The guy laughs. Then he listens.

And where, one might ask, has our Devil been all this time? It's not an easy story to tell, not even for the Devil, who is a master at telling his own story. He is, in fact, doing just that, but not to us: he's telling it to a psychiatrist, of sorts. Not just any psychiatrist, of course, but a supernatural mental health professional charged with the rectification of wayward demons. In short, after the Devil made his revolutionary speech at the demonic conference and then stormed back to his cave, the Dark Powers-That-Be had a closed-door meeting. The Devil, the Dark Powers concluded, is suffering from depression. The inevitable transitions ahead have upset him because he is overly attached to the beings it is his job to torment. Instead of just doing his job and collecting what is objectively his due, he's allowed his clients to identify with him and they have become prideful, believing in their own demonic divinity. Now he's allowed one of his clients to flaunt the terms of the Deal! Hubris in humans, as everyone knows, screws up the universe, which is supposed to be coldly efficient in every circumstance. The Ancient One has gummed up the works and he has compounded the situation by threatening to awaken the sleeping God, a prospect so terrible to every right-thinking citizen of Hell that it can hardly be imagined.

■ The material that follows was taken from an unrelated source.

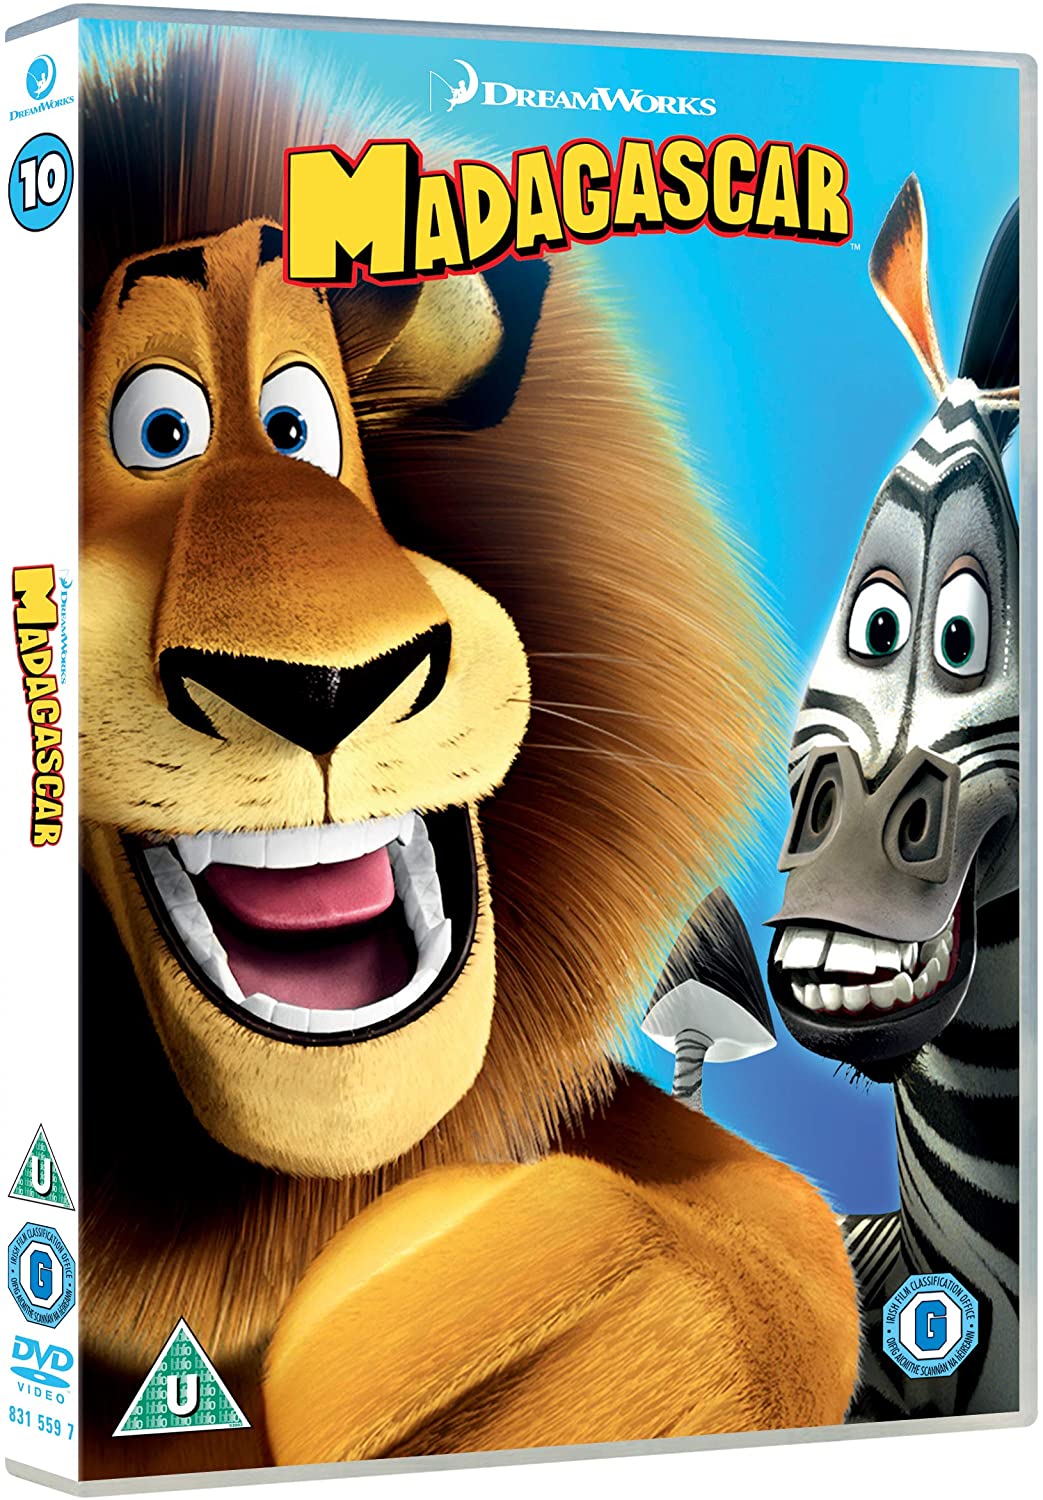 Madagascar [2005] (Dreamworks) (DVD)

To wit, this Devil is out of control. An intervention, followed by therapy, is called for and approved.

Our Devil looks inside each of his colleagues and sees nothing but his own reflection. Perhaps he has existed entirely too long, and exhausted himself in the effort, admittedly futile, of prolonging the Romantic era into the postmechanical age. His malignant minders authorize a raid on his quarters, sealing him in his cave with the aforementioned “psychiatrist.” The Devil is reminded of times when he was in similar predicaments: chained to the bottom of a well, imprisoned inside a labyrinth, tied to a rock with vultures pecking his liver, paralyzed by John of Patmos, hurled into an abyss by Milton. But during all those ordeals he had been alone. He's never before had someone to talk to while he contemplates his singularity, certainly not some kind of demon head doctor. But that's progress, he sighs, and begins to talk.

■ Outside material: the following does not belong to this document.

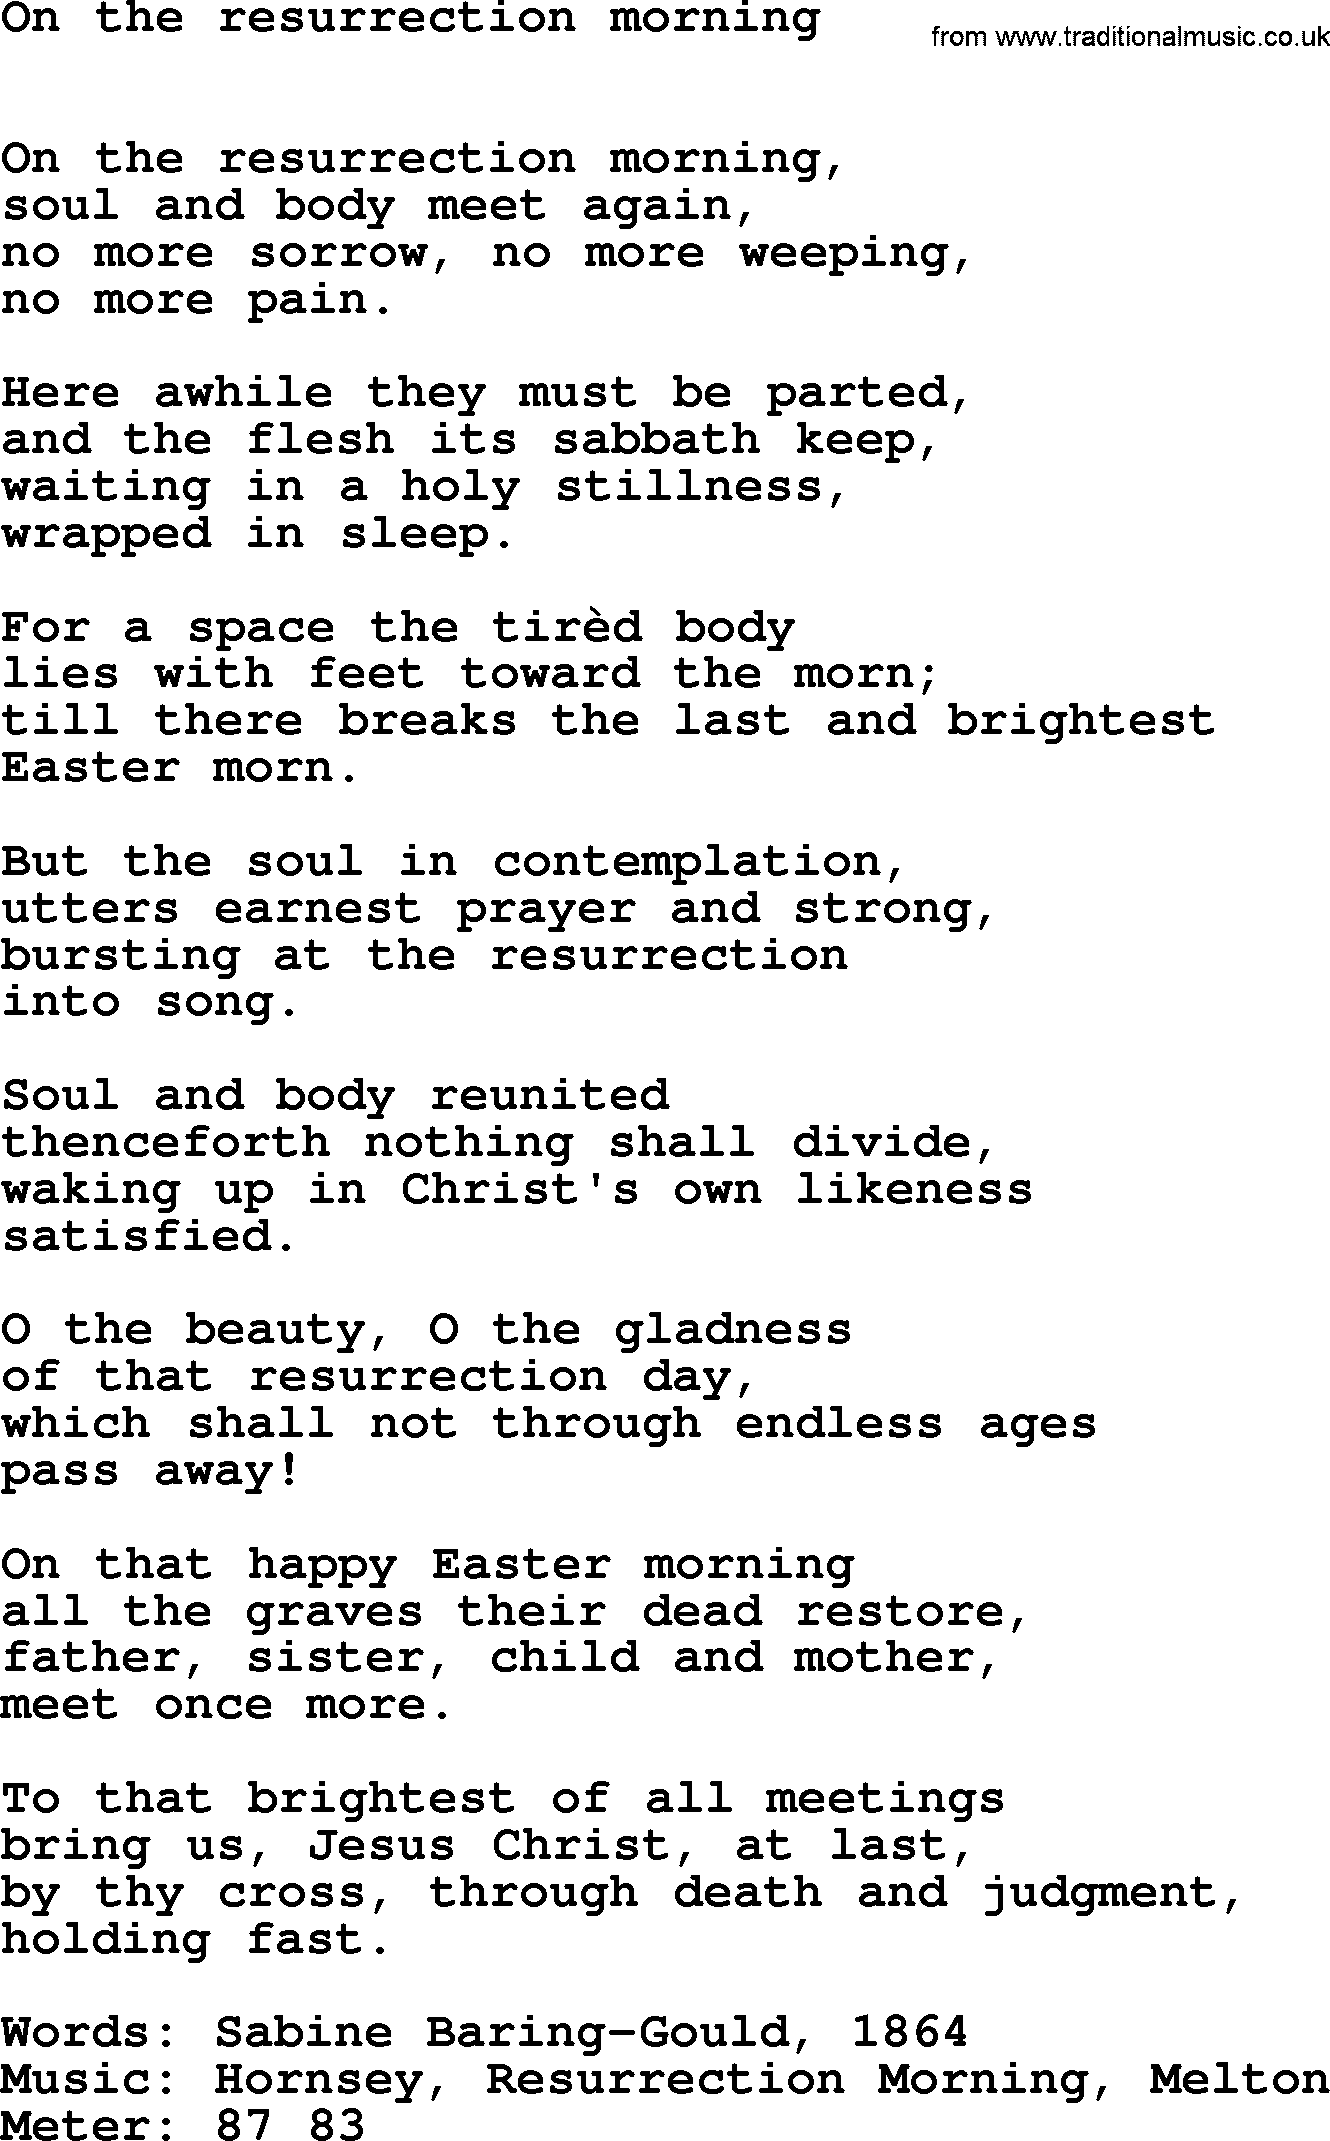 Book of Common Praise Hymn: On The Resurrection Morning.txt lyrics with midi music

He does admit that awakening the sleeping God could have unforeseen consequences; God is asleep and dreaming the universe and His anger at being awakened will be incalculable. If His dream is lost, so are all things. He asserts that his own attachment to humans, including Wakefield, is a whim, with no great echoes. If humans can choose their mates and companions, why can't he, a loner and a bachelor, whose infinite solitude could use a bit of solace? In addition, the Devil sees no reason whatsoever why waste, corruption, and confusion should be eliminated for the sake of efficiency! Humanity has for all its existence done what the universe has asked of it: it has multiplied, it has recorded, it has abstracted, it has slaved. They've earned their R and R, by Jove. Now let them play.

The Devil argues and berates the representative of the Dark Powers-That-Be. He would rather be actively participating in the long stretches of Wakefield's story he's been left out of, but he's currently a prisoner of his own kind. Of all things!

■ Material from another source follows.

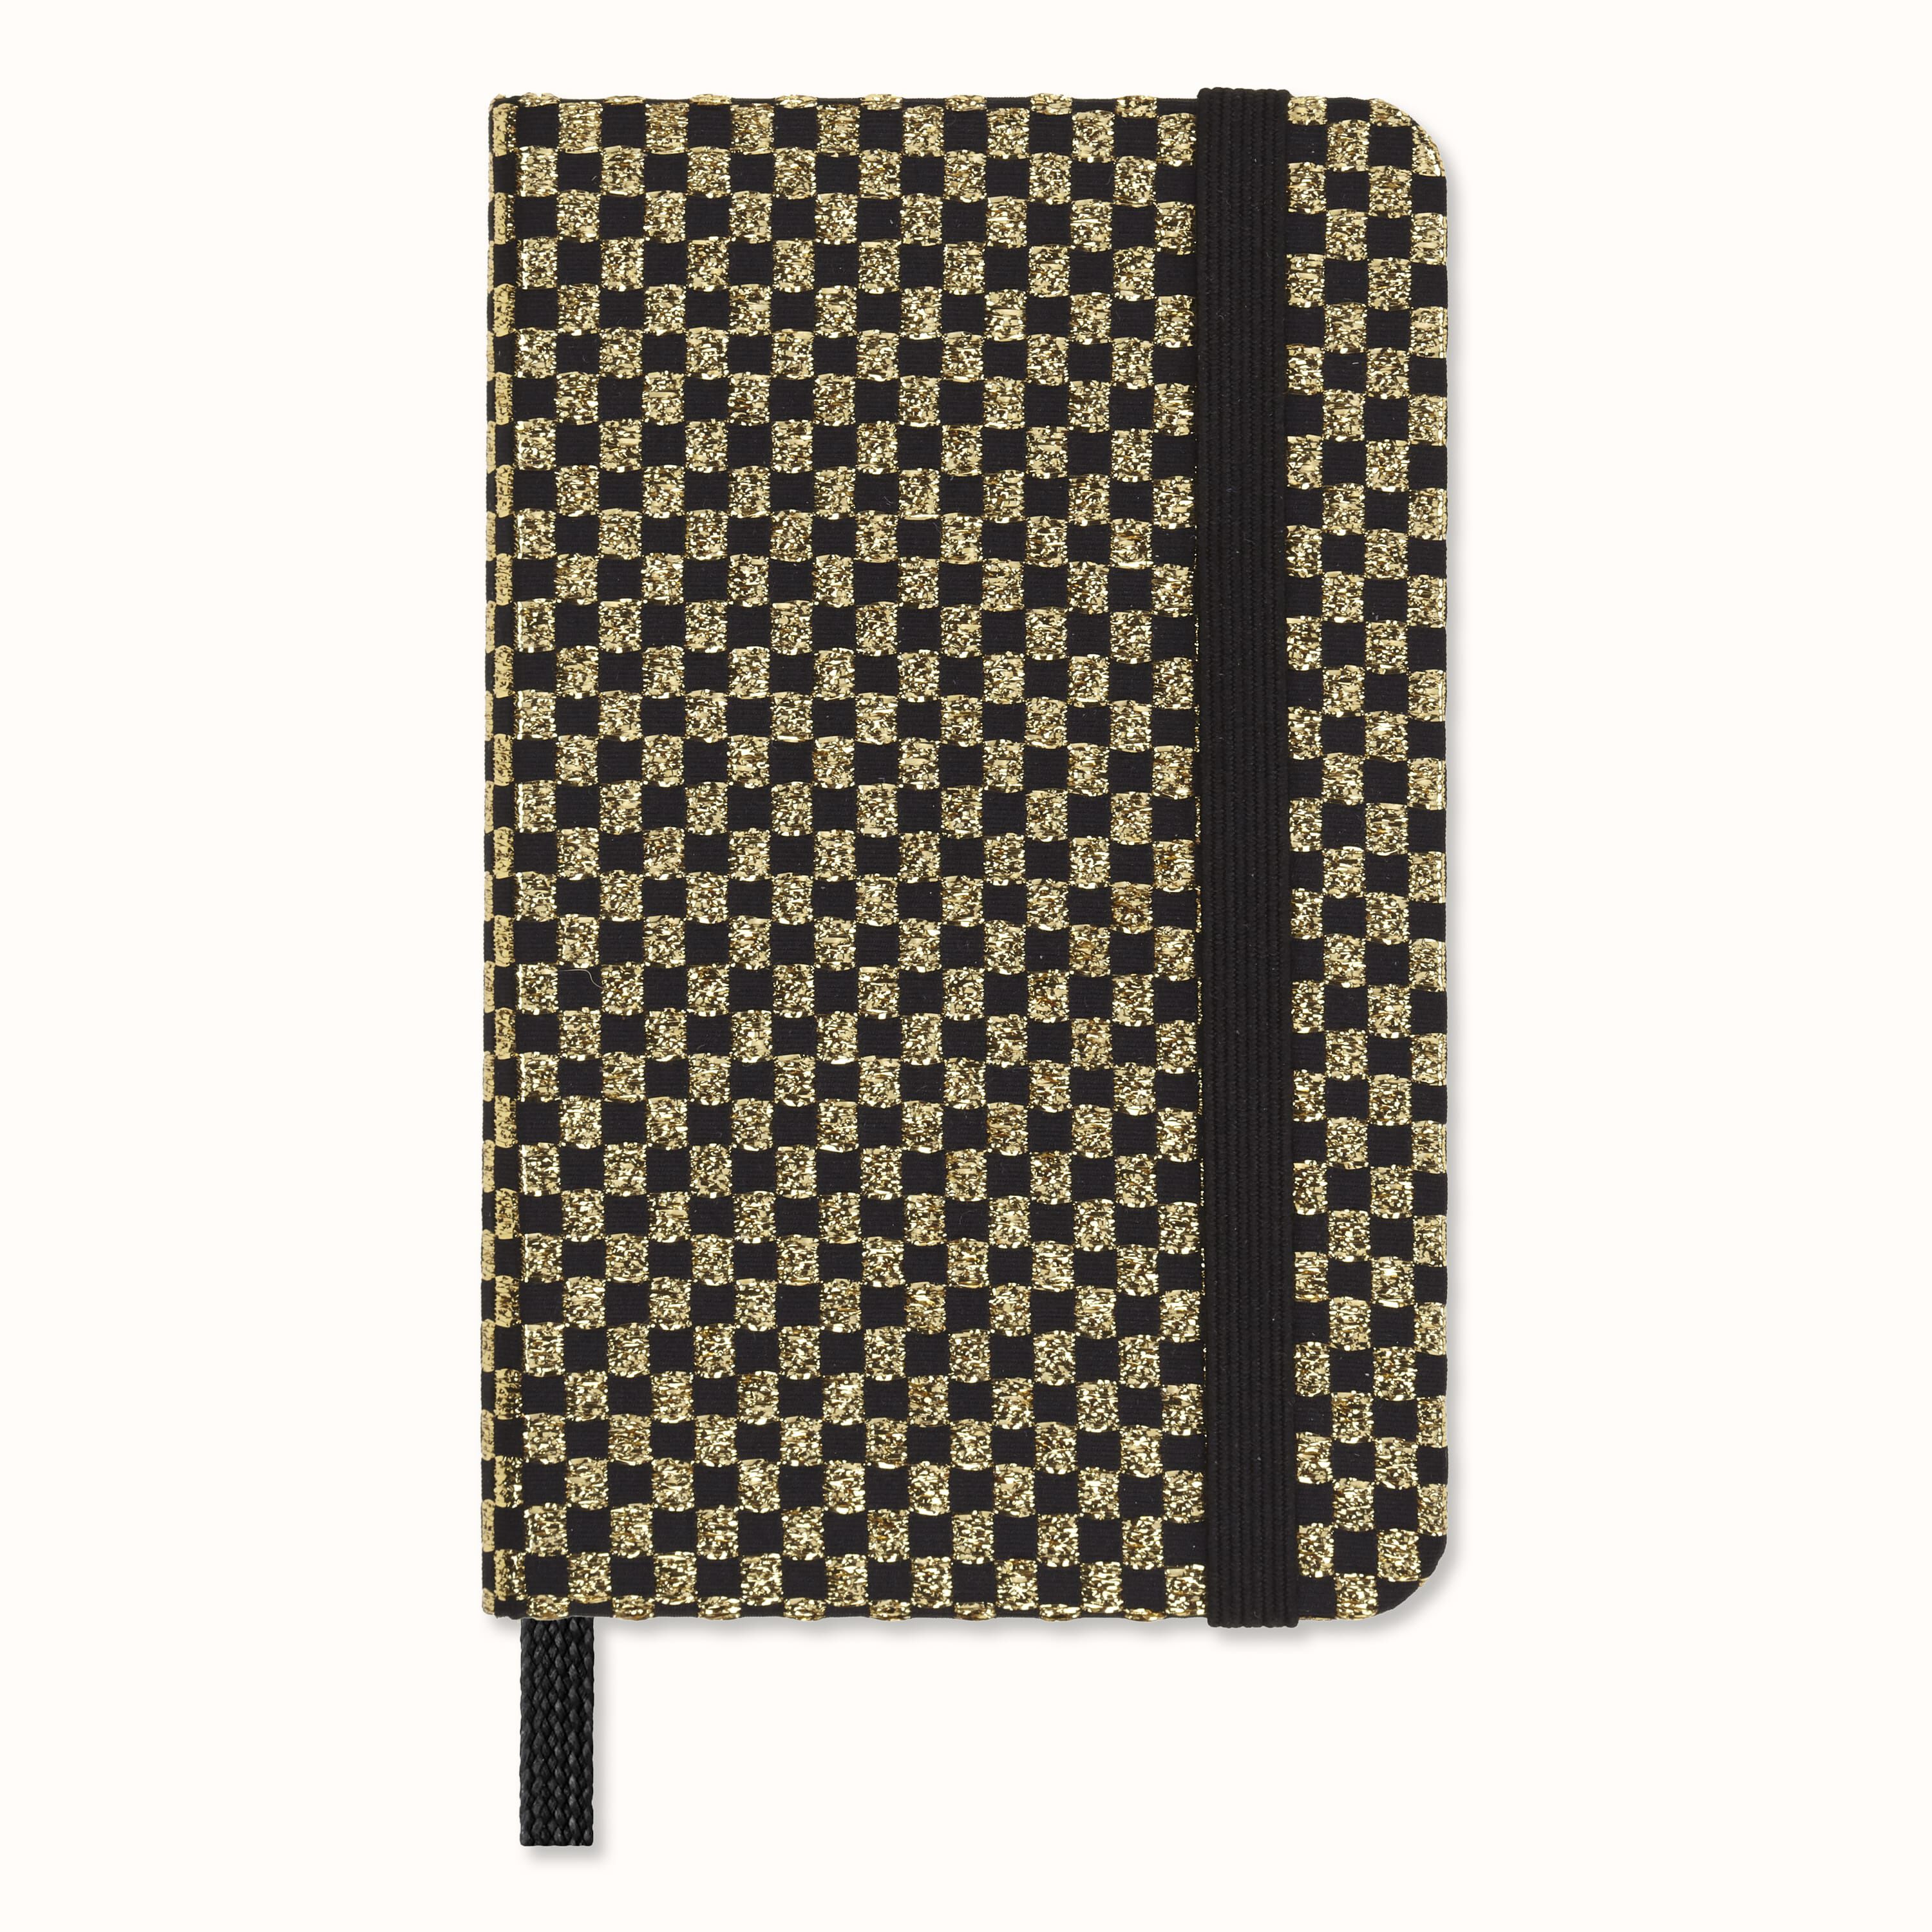 Limited Edition Notebooks | Moleskine

It's the usual evening hour for Wakefield to go to the bar, but he walks past it and no one hails him from the window. He can hear foghorns on the river; the quarter is blanketed in haze. There is a little café in an alley behind the cathedral, a mysterious place with a few tables outside and a dark, inviting interior. Two women are sitting at the bar chatting in French with the bartender. He's explaining that they should stay indoors tonight because this is the night of the swarming termites and the poisonous gas. Indeed, the moon is already obscured by clouds of flying insects.